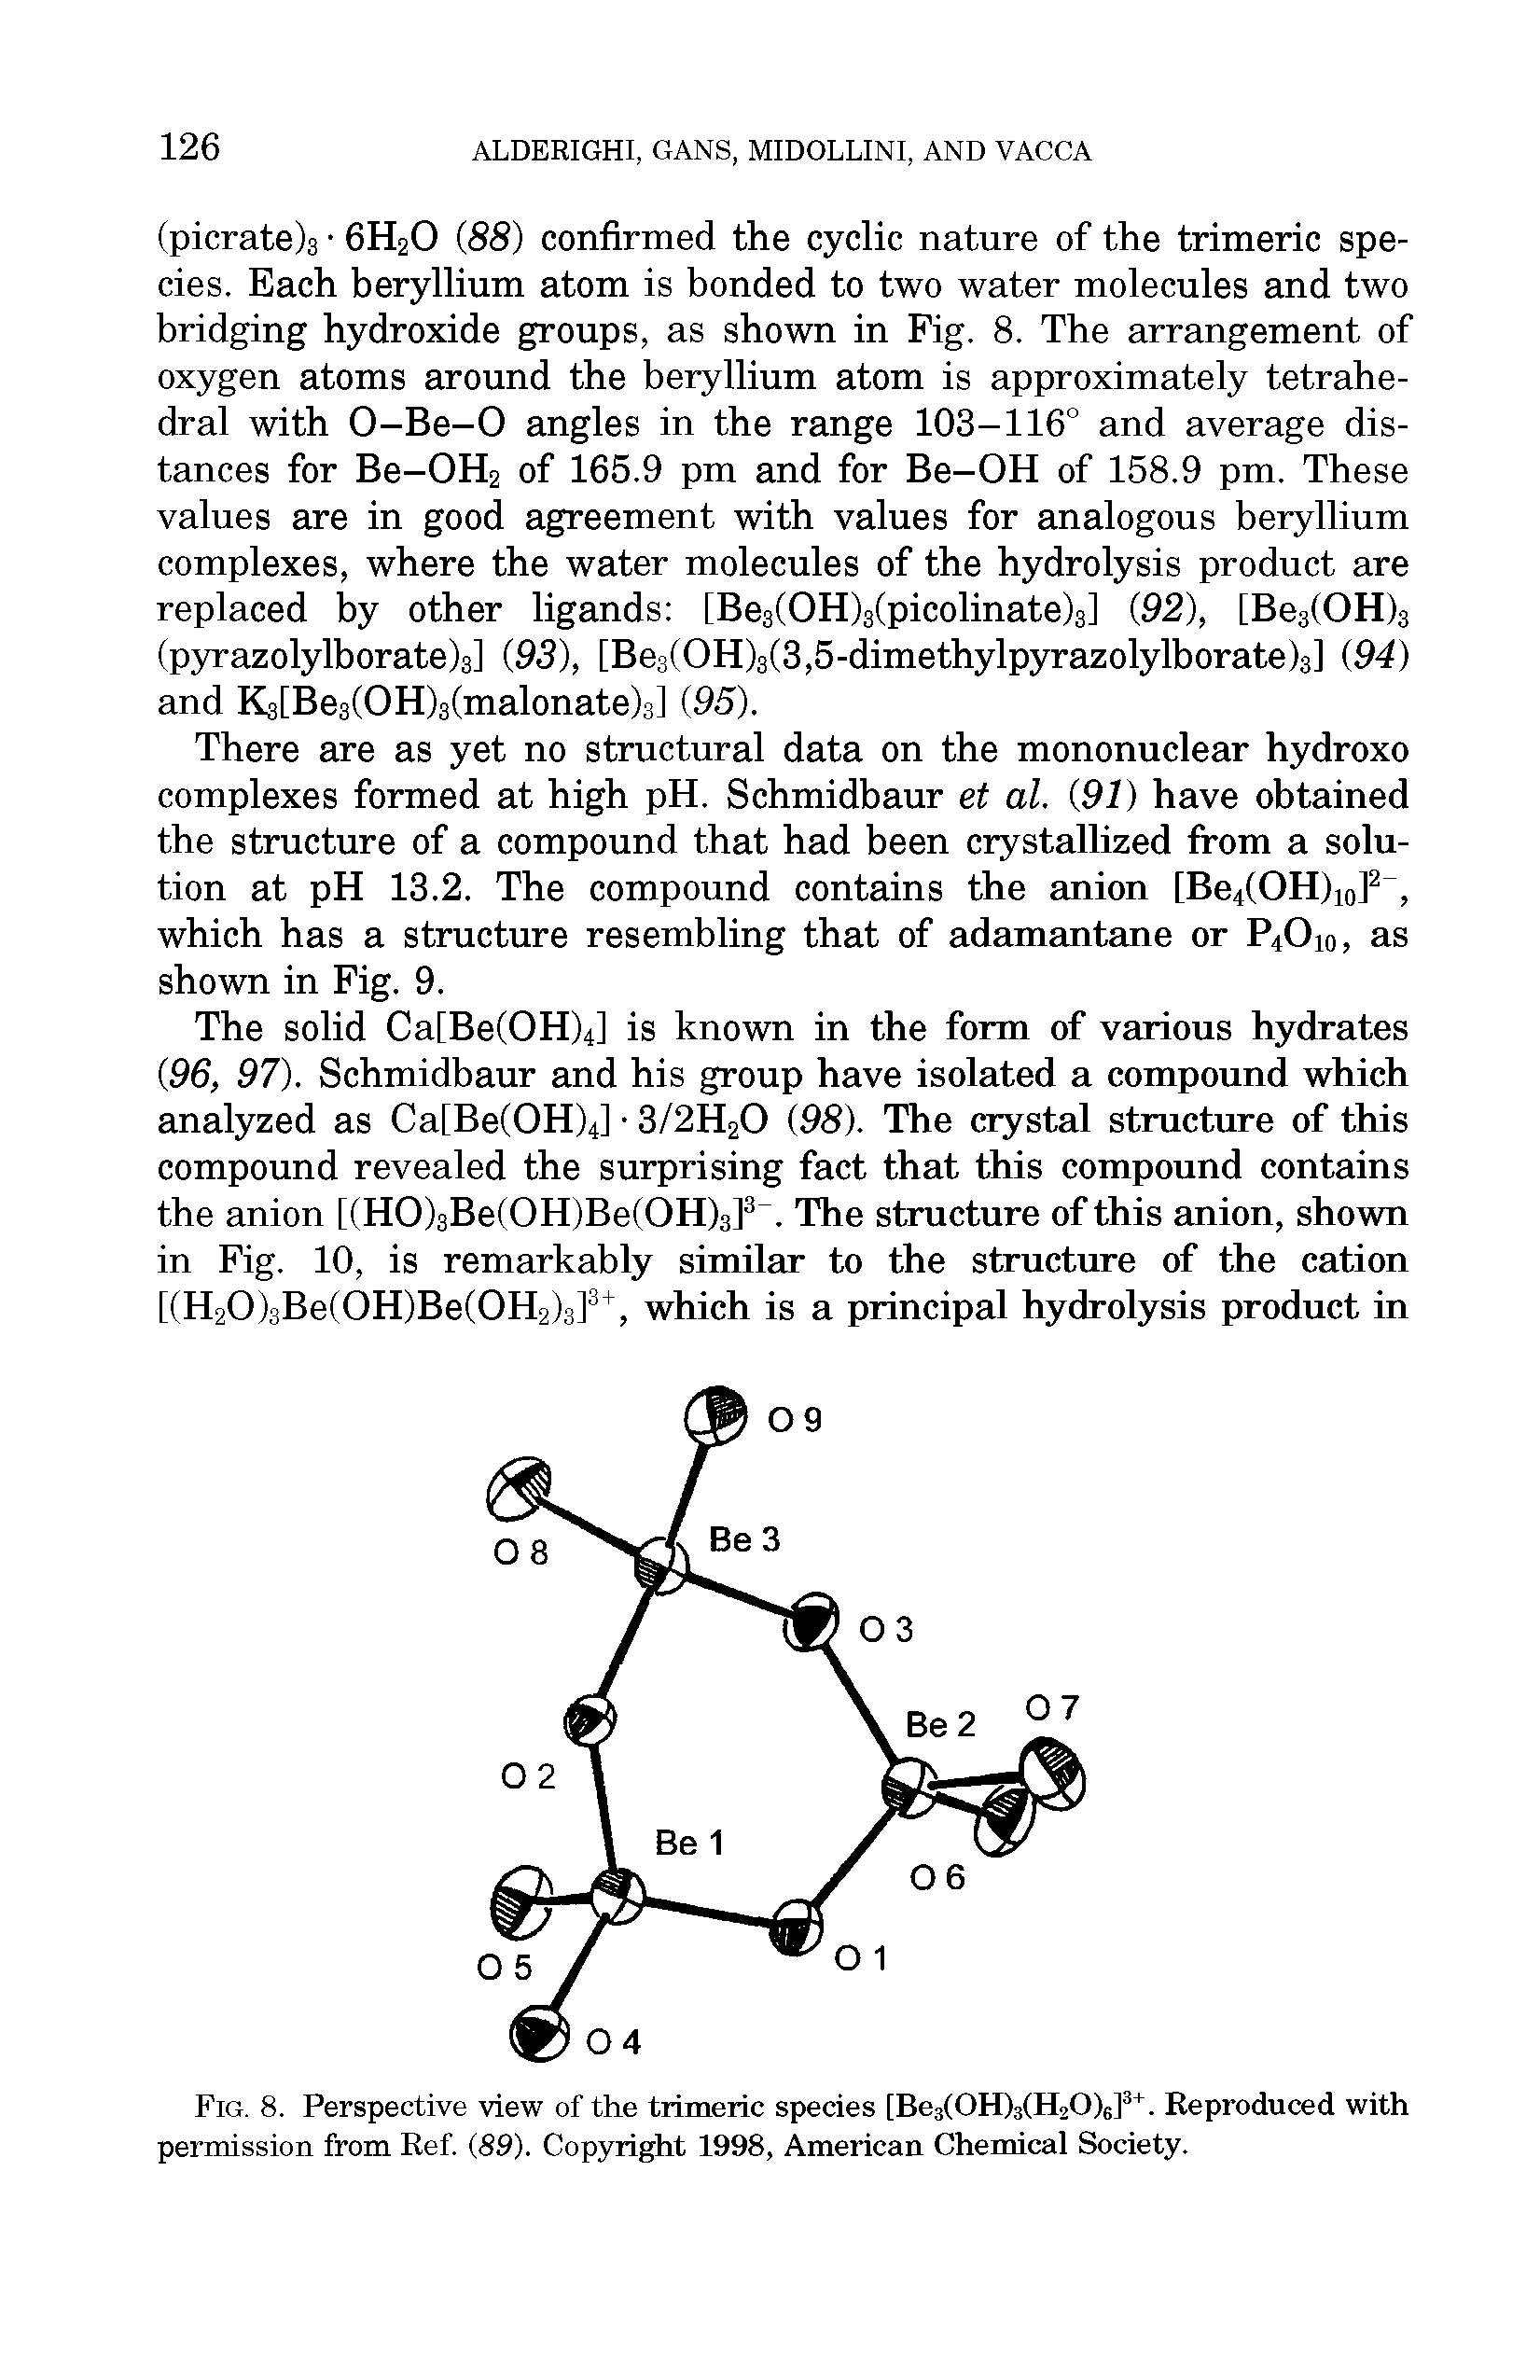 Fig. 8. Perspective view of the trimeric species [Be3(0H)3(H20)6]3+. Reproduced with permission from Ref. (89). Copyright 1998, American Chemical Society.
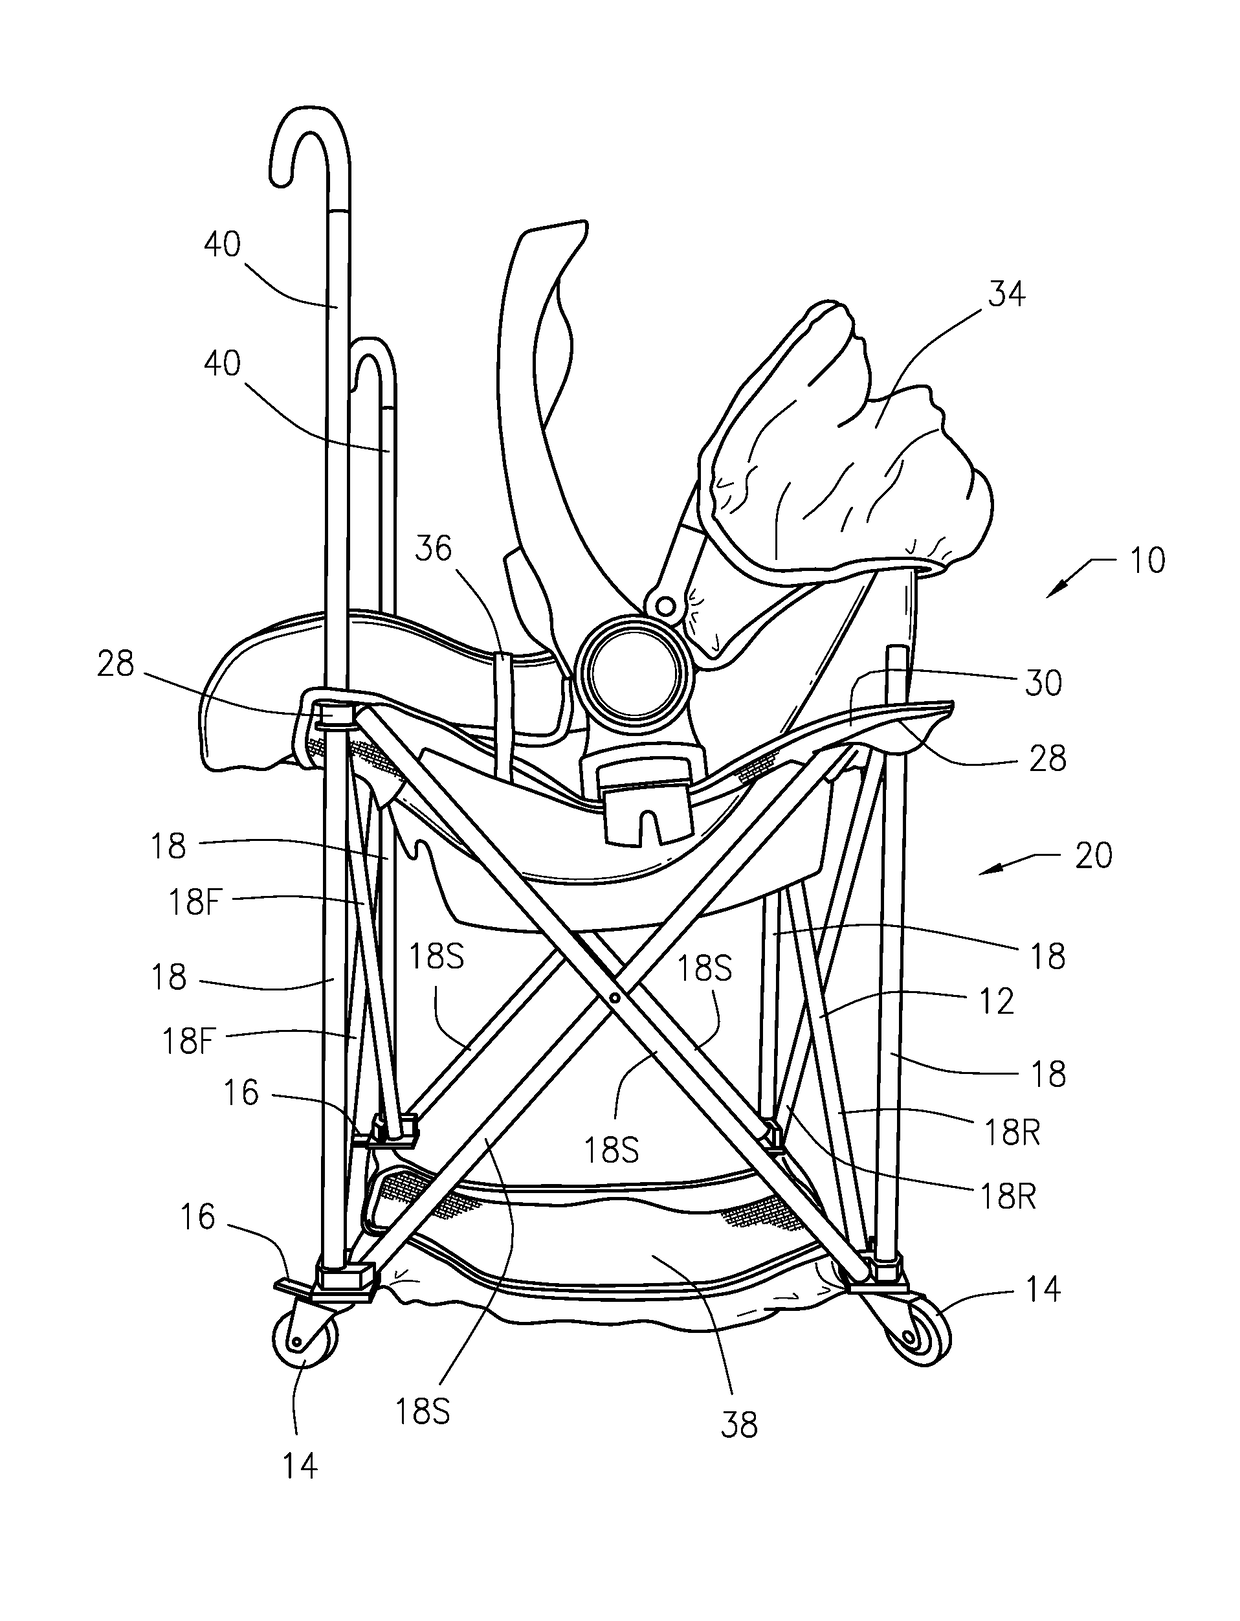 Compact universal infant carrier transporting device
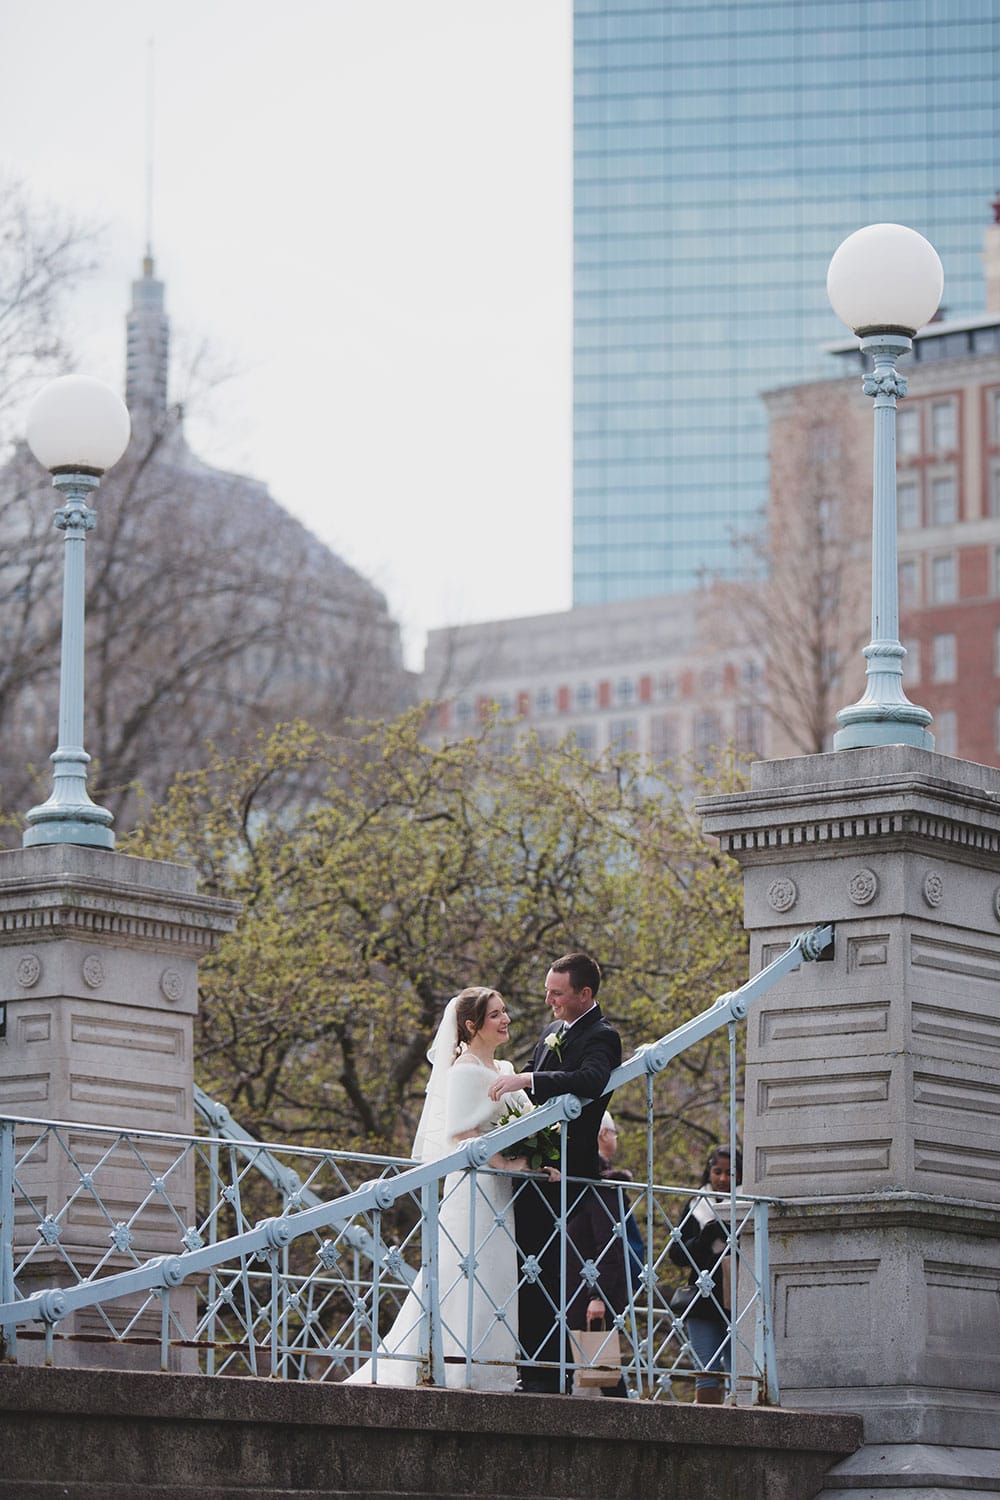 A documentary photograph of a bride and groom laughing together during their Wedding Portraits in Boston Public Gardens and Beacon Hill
◆ ◆ ◆ ◆
Task details: Repeat the listing word for word. Leave images out.

Reply:
 Fig. 8. Perspective view of the trimeric species [Be3(0H)3(H20)6]3+. Reproduced with permission from Ref. (89). Copyright 1998, American Chemical Society.
 Compact universal infant carrier transporting device
 A documentary photograph of a bride and groom laughing together during their Wedding Portraits in Boston Public Gardens and Beacon Hill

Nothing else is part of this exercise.